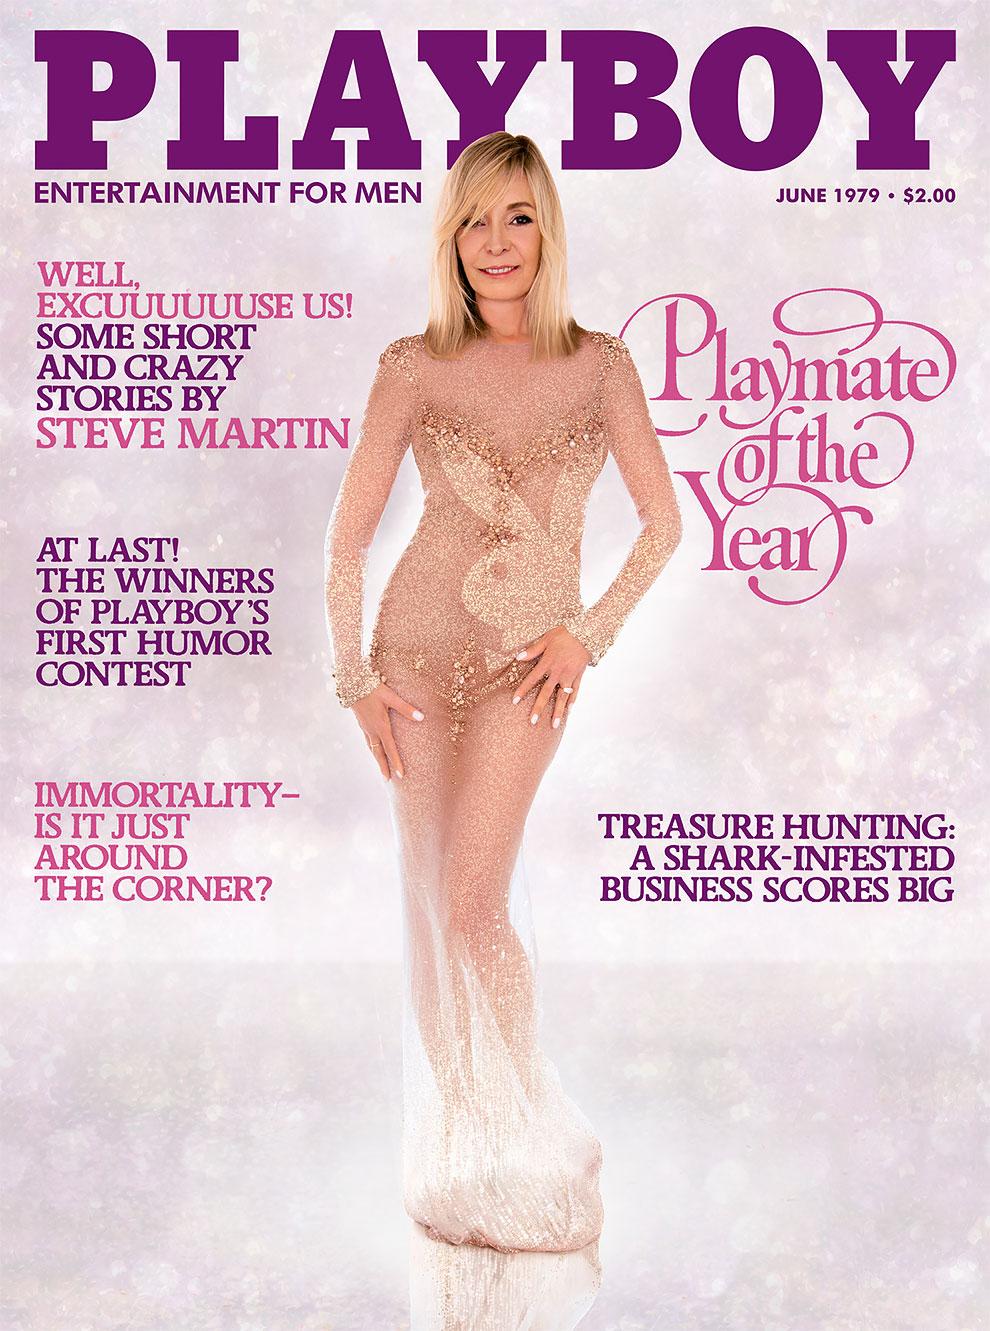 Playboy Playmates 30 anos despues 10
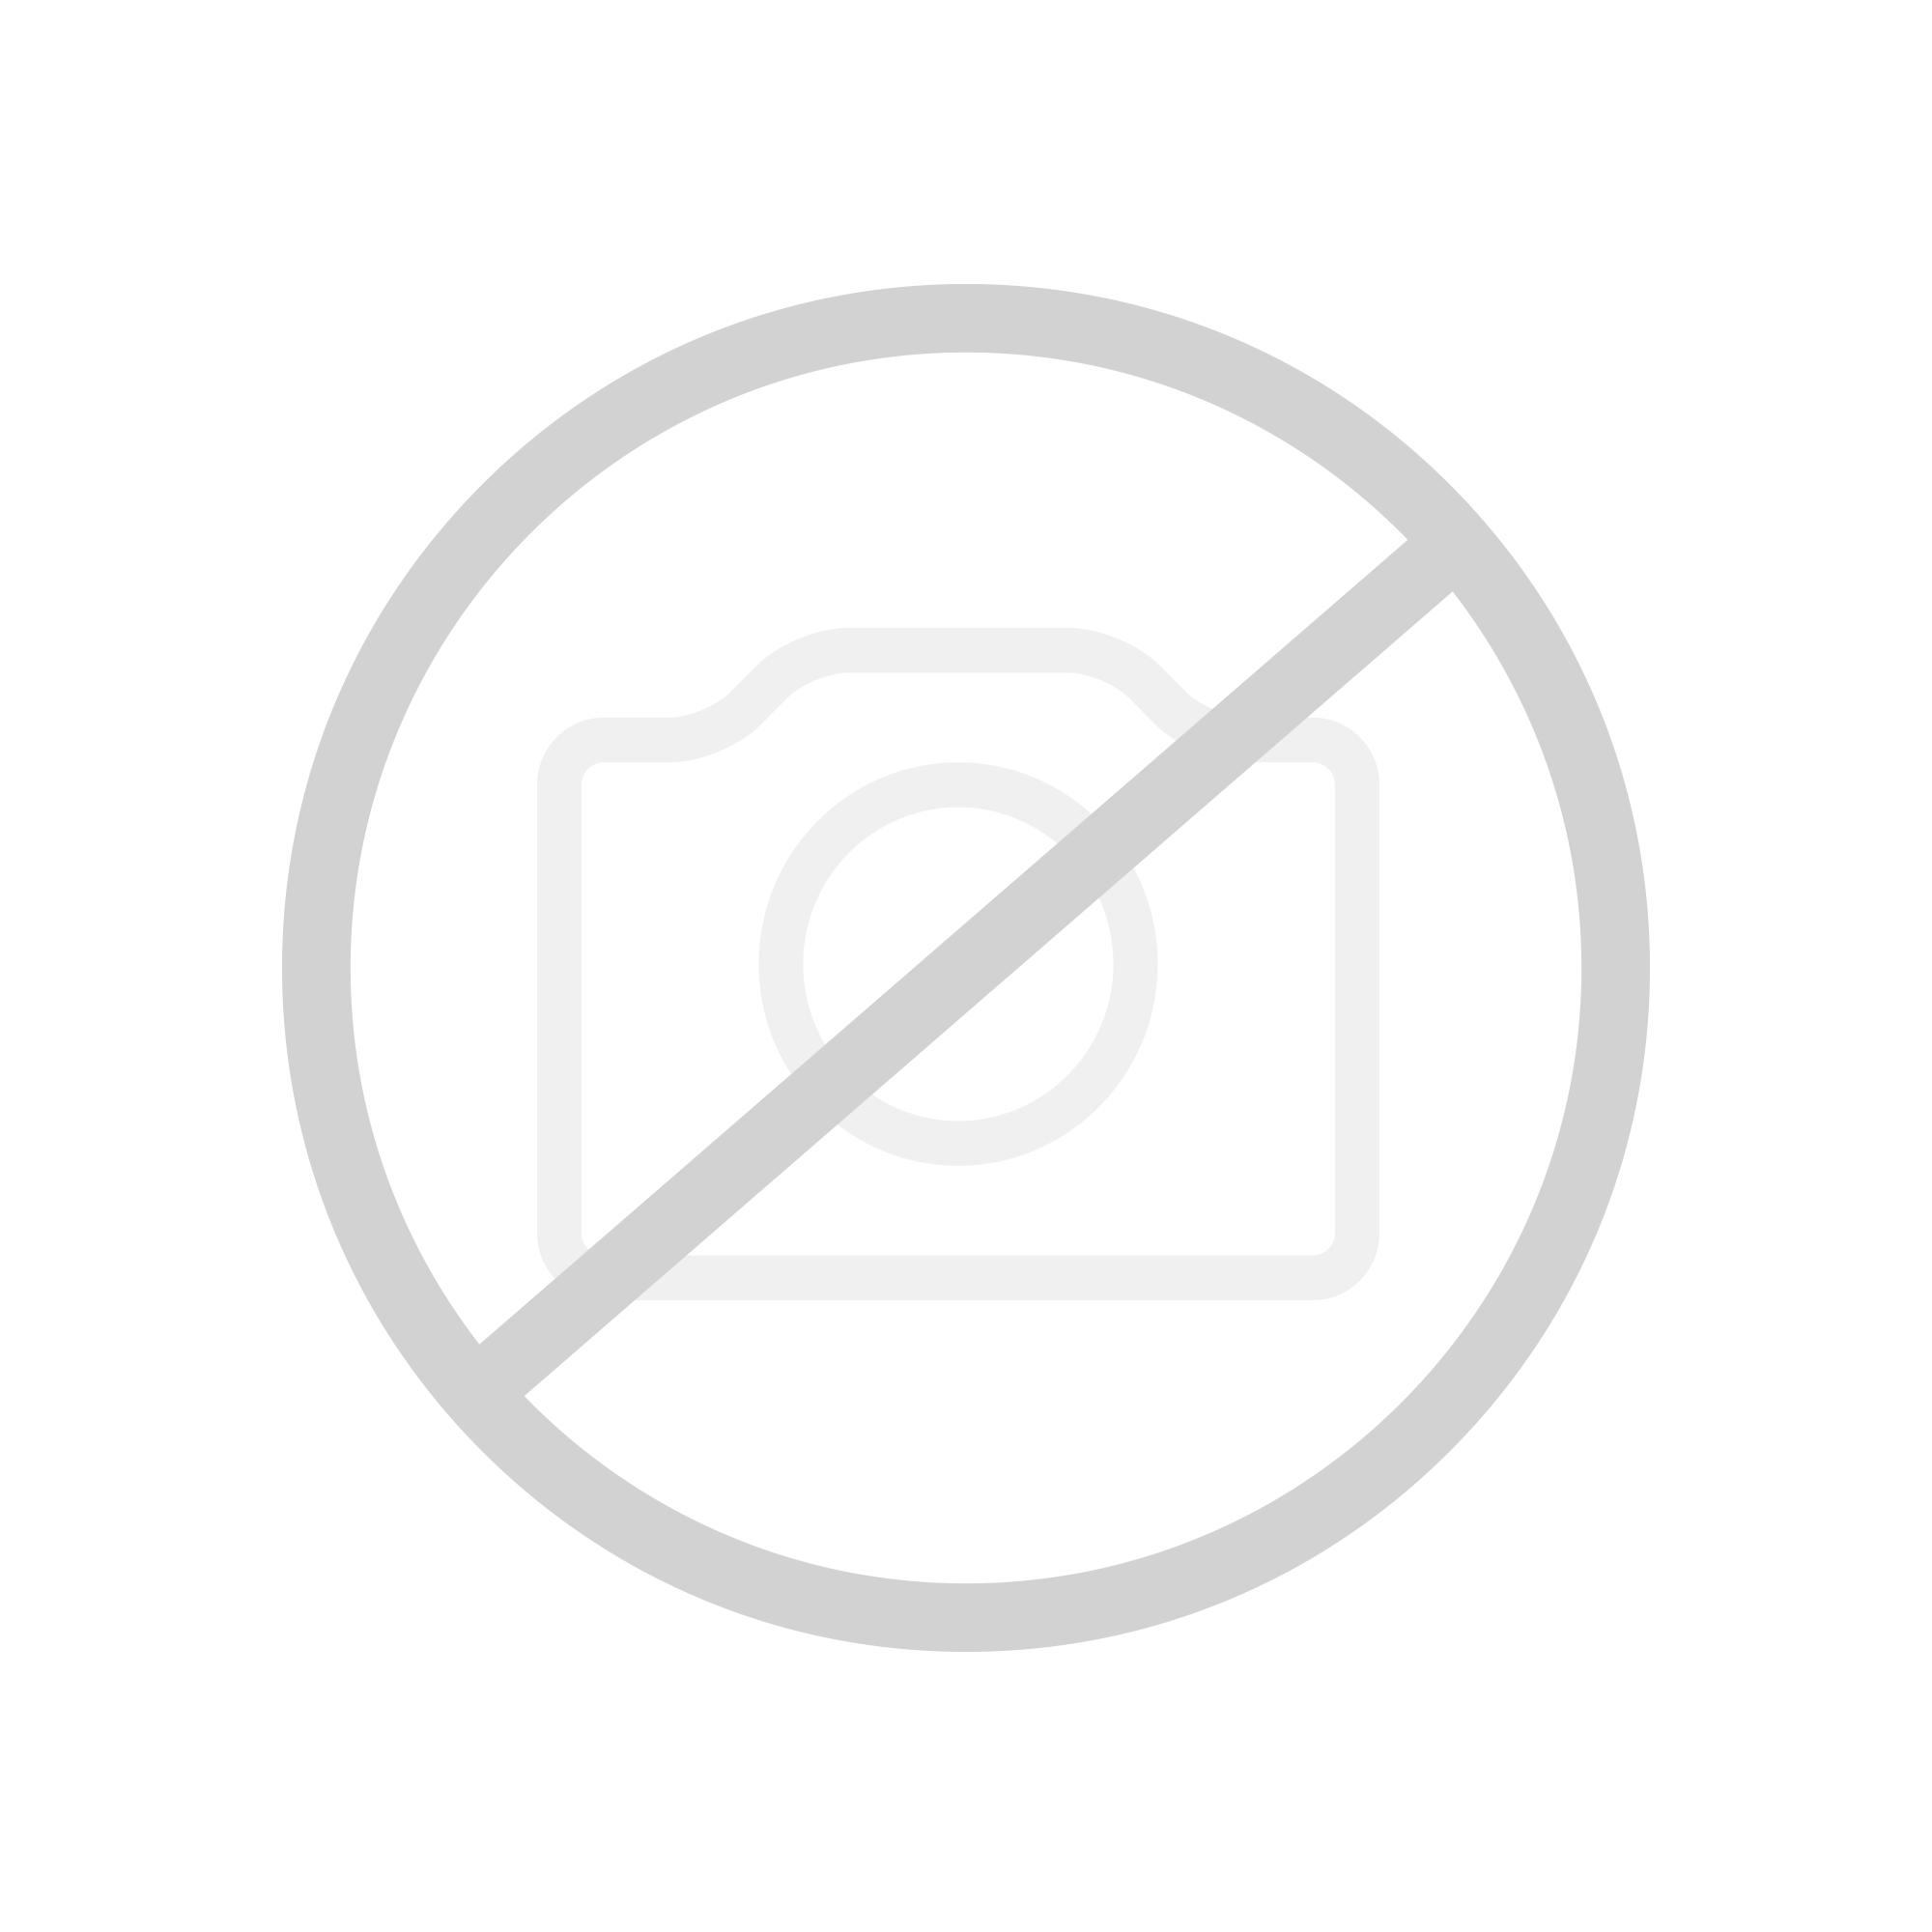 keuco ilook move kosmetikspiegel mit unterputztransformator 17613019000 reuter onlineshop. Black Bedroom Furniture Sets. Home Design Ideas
:::::
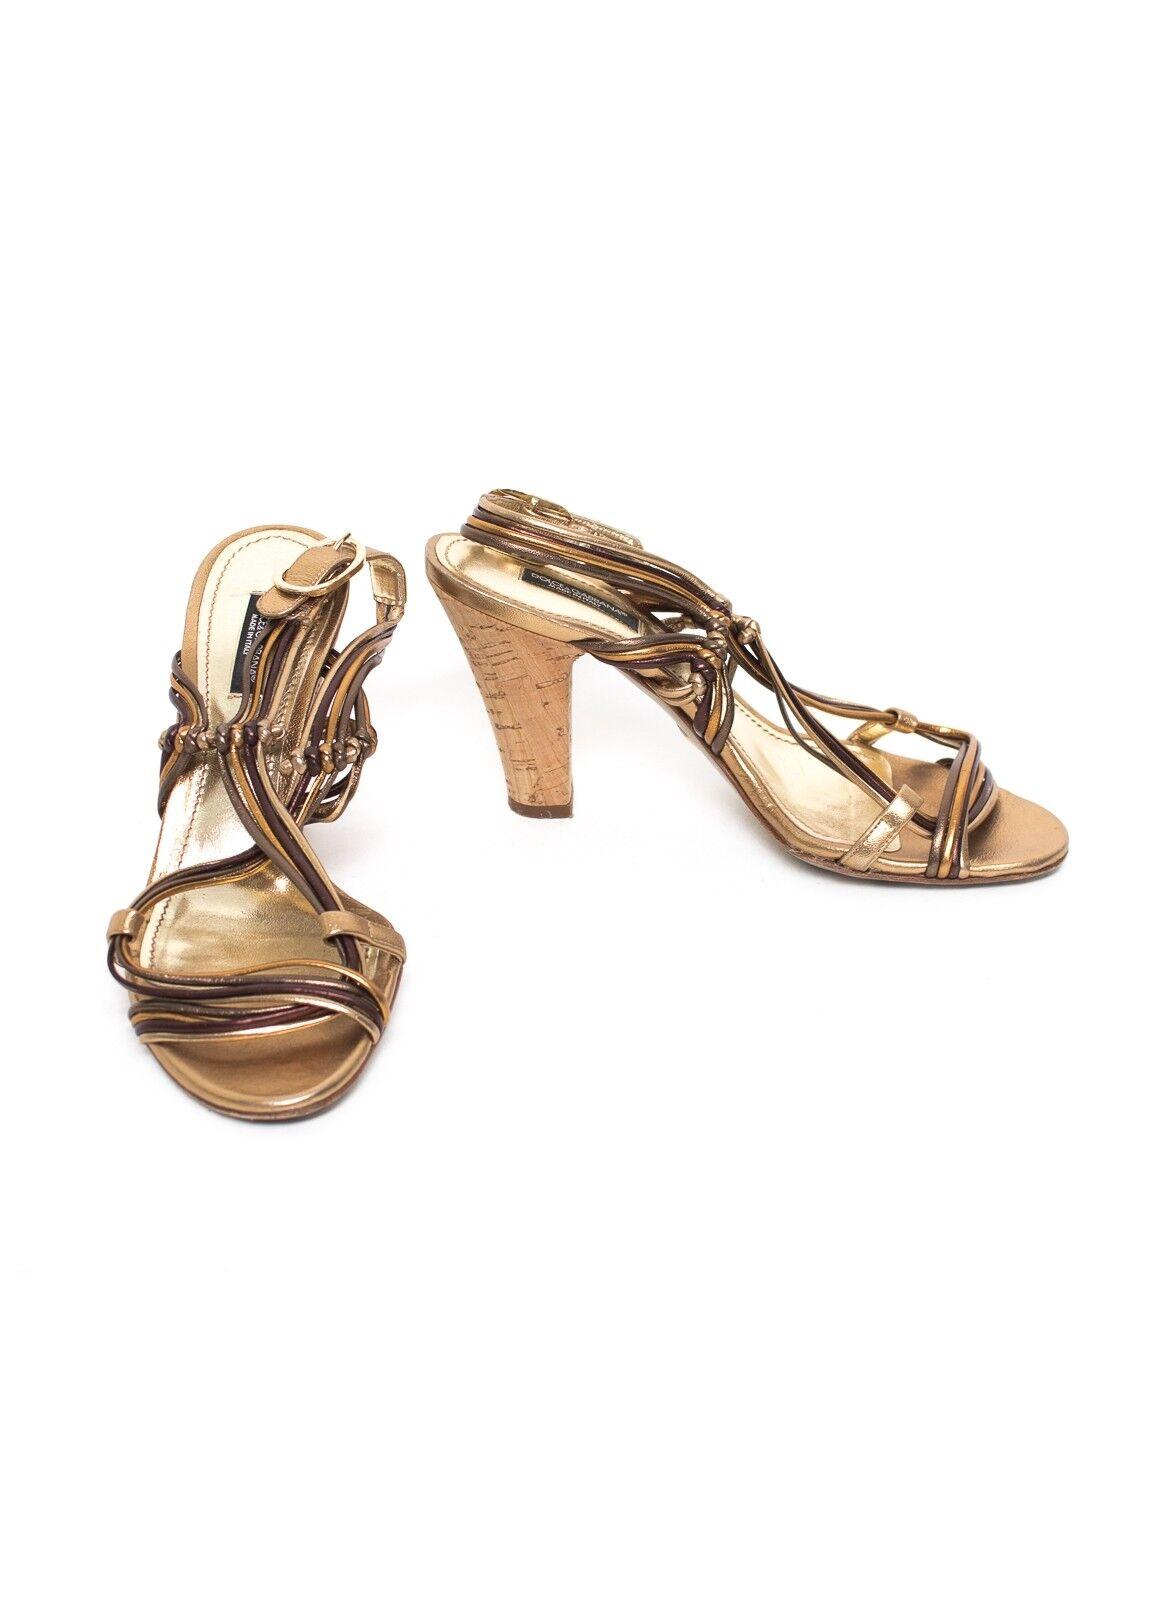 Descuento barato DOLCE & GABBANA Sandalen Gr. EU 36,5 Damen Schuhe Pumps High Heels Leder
:::::
* _WHAT IS NEEDED_
Word for word, repeat the lines above from the one with "Playboy Playmates 30 anos despues 10" through the one with "keuco ilook move", and nothing beyond them. Omit the pictures.

* _COMPLETED EXERCISE_
 Playboy Playmates 30 anos despues 10
 keuco ilook move kosmetikspiegel mit unterputztransformator 17613019000 reuter onlineshop. Black Bedroom Furniture Sets. Home Design Ideas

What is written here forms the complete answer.